The detrimental effects of this quantity-focus were evident right from the beginning. Statistics show that one-third of all recruits never showed up after the initial training, preferring to engage in extortion in their local areas. A study by the Afghan Analysts Network stated that where such militias were successful, “was usually in large part – though not exclusively – due to their close relations with adequately trained and experienced international military forces”. This past placebo of success completely diverted attention from the need for regular policing.

Afghan Police: Still ‘cannon fodder’
With the benefit of hindsight, it was perhaps naive to expect European paradigms of police training to work under Afghan security circumstances. In such hostile environments police officers are caught between rival tribes or face insurgent attack. Since police forces are significantly lighter trained and equipped than paramilitary or military units, they are particularly vulnerable in armed conflict or insurgencies. At present, 2.5 police officers get killed for every Afghan army casualty, 830 in the first six months of 2011. This, however, cannot justify the current approach substituting paramilitaries for local policing. Whereas self-defence is the key priority for the police, writing a ticket or reporting a crime becomes second priority to police trainers who express satisfaction if a recruit is able to shoot straight. Supporting this point, a poll of Afghans affected by violent crime, conducted by the Asia Foundation, found that only four per cent of these crimes are insurgency-related. This would seem counter-intuitive given the disproportionate attention to counter-insurgency and the de facto ignorance of civilian security which seems to be the dominant problem for the Afghan people.

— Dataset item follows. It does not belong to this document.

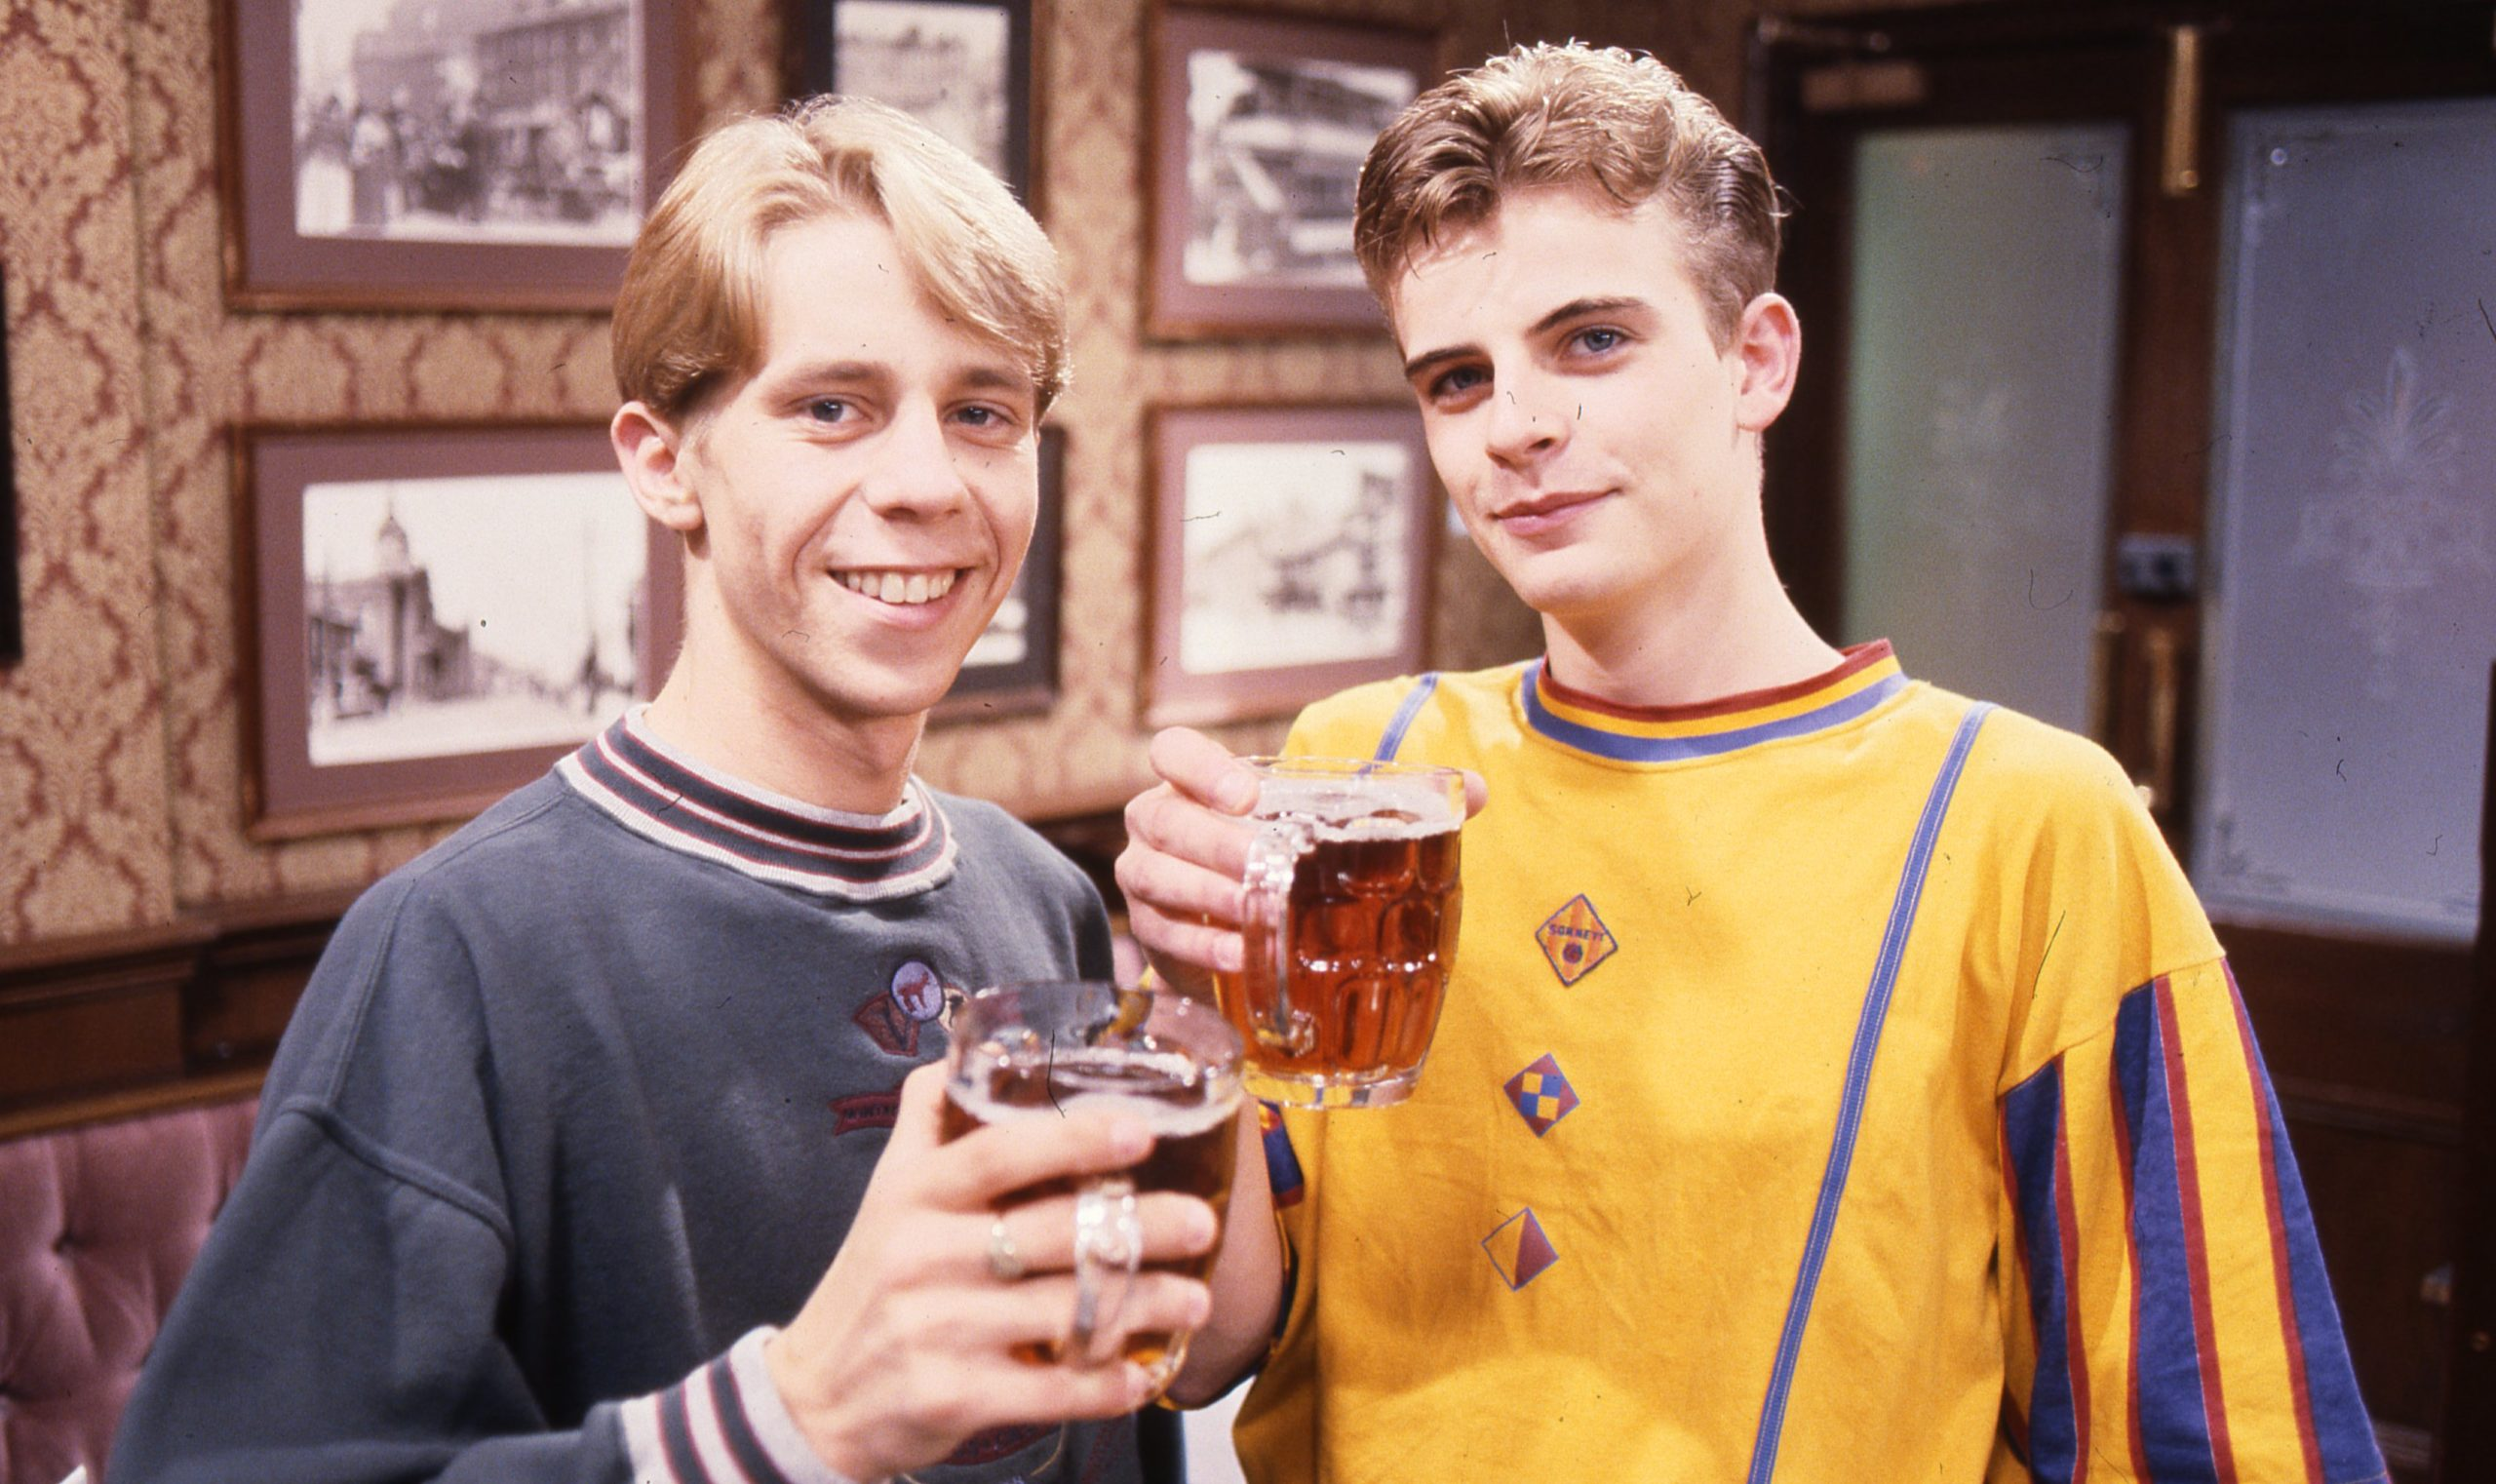 Andy and Steve McDonald Nick Cochrane Coronation Street Credit: ITV/Shutterstock

The problem seems to resemble the chicken-and-egg dilemma. While local security currently is thought as being dependent on state-security – the latter being prioritized – evidence on the ground seems to suggest that the lack of local security is becoming the biggest threat to state security. Deciding the role for the police requires clearly defined goals. The creation of the ALP and its predecessors imply that the goal of the police is to support those in power to fight the insurgency and to impose preconceived notions of stability. Such calculations are not based on the development of a sustainable security sector but only and exclusively focus on the withdrawal date in 2014. However, Afghanistan does not ‘end’ in 2014. Instead, current trends will continue to affect Afghanistan, the region and the world at large disproportionately, should peacekeeping efforts fail. The creation of a militia-like ALP and particularly the decision to entrench the power of strongmen is an ominous signal for Afghanistan’s future.